ウィザードゲーム 〜異能力バトルロワイヤル〜



 四人は廃トンネルへと到着した。

 大雅は振り返り、それぞれと目を合わせつつ言う。

「よし。そんじゃここで皆を待つ間、お前らに俺たちのことと、これまでにあったことを詳しく共有しとく」



*



「薄々気付いてると思うけど……。小春ちゃんはね、記憶喪失なんだ」

 至はあくまで穏やかな声で、残酷な事実を伝えた。

 蓮の瞳が揺れる。誰か、などと聞かれた時点で、あるいはもう少し前から、そうなのかもしれないという予感はあった。

 それでも、はっきり告げられるとまた衝撃を受けるものだ。

 アリスも納得する。今朝の様子を見ればそうとしか思えない。
 
「そっか、それで……」

 奏汰は呟いた。小春だけど小春じゃない、という至の言葉も、それなら理解出来る。

「何で、そんなことに────」

 蓮が消え入りそうな声で尋ねると、至は「うん」と頷いた。

「順を追って話すよ」

 蓮の目を優しく覗き込んだ至は、その宣言通り、仔細を語り出した。

「────まず、小春ちゃんと蓮くんは、雪乃ちゃんの言う通り祈祷師の襲撃に遭った。蓮くんは分からないけど、少なくとも小春ちゃんは殺された。でも、雪乃ちゃんが時間を巻き戻したことで助かった。彼女は小春ちゃんを連れて逃げて……この日からなんだよね? 小春ちゃんと連絡が取れなくなったのは」

 確かめるように問われ、蓮は首肯する。

「ああ、そうだ。そんで次の日から小春は消えた」

 小春の母親は、友だちの家へ泊まりに行くという本人からのメッセージを信じ込んでいる。

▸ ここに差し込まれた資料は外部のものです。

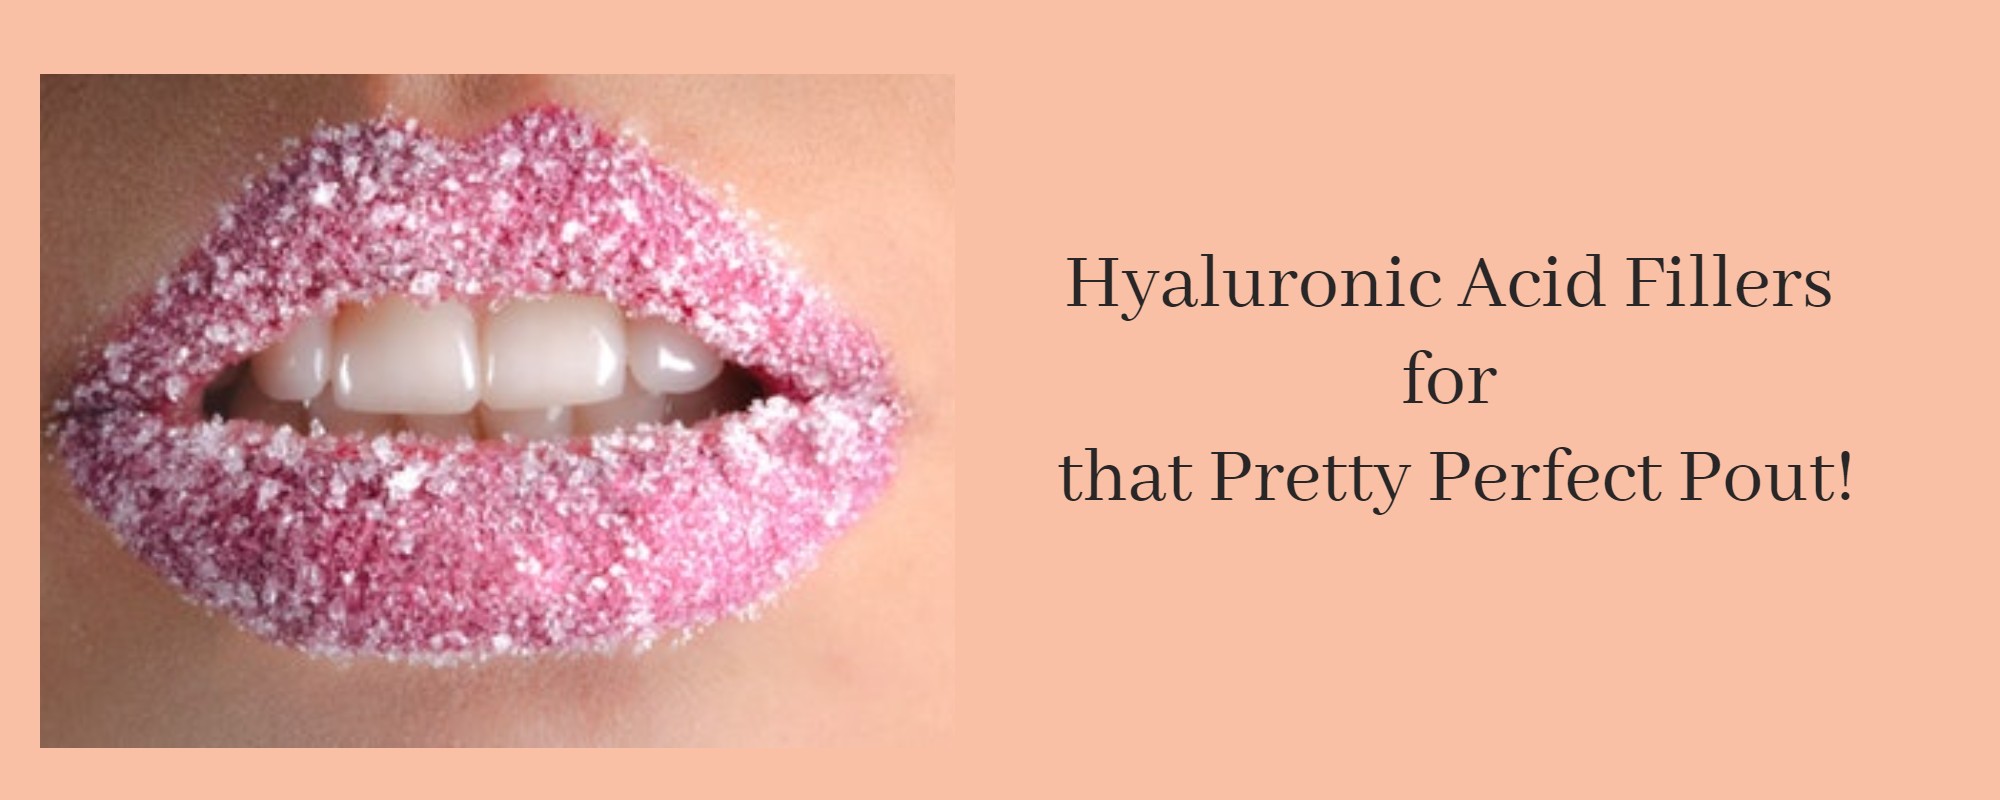 Hyaluronic Acid Fillers for Lips

 ここまで音信不通が続いて何の不信感も抱かないなど、普通ではありえないのに。

 とはいえ、信じ込んでいるのは恐らく運営側による何らかの操作のせいだ。

 クラスメートや担任、警察も同じように、このゲームで起こる不自然なことに何ら疑問を抱かないようになっている。

 というか、疑問を抱いてもその思考を書き換えられる、といった方が正しいかもしれない。

「その、小春ちゃんが消えたことに関してなんだけど、これも真実は小春ちゃん本人しか分からない。……正確には、記憶を失う前の小春ちゃんね」

 至はそう前置きし、さらに続ける。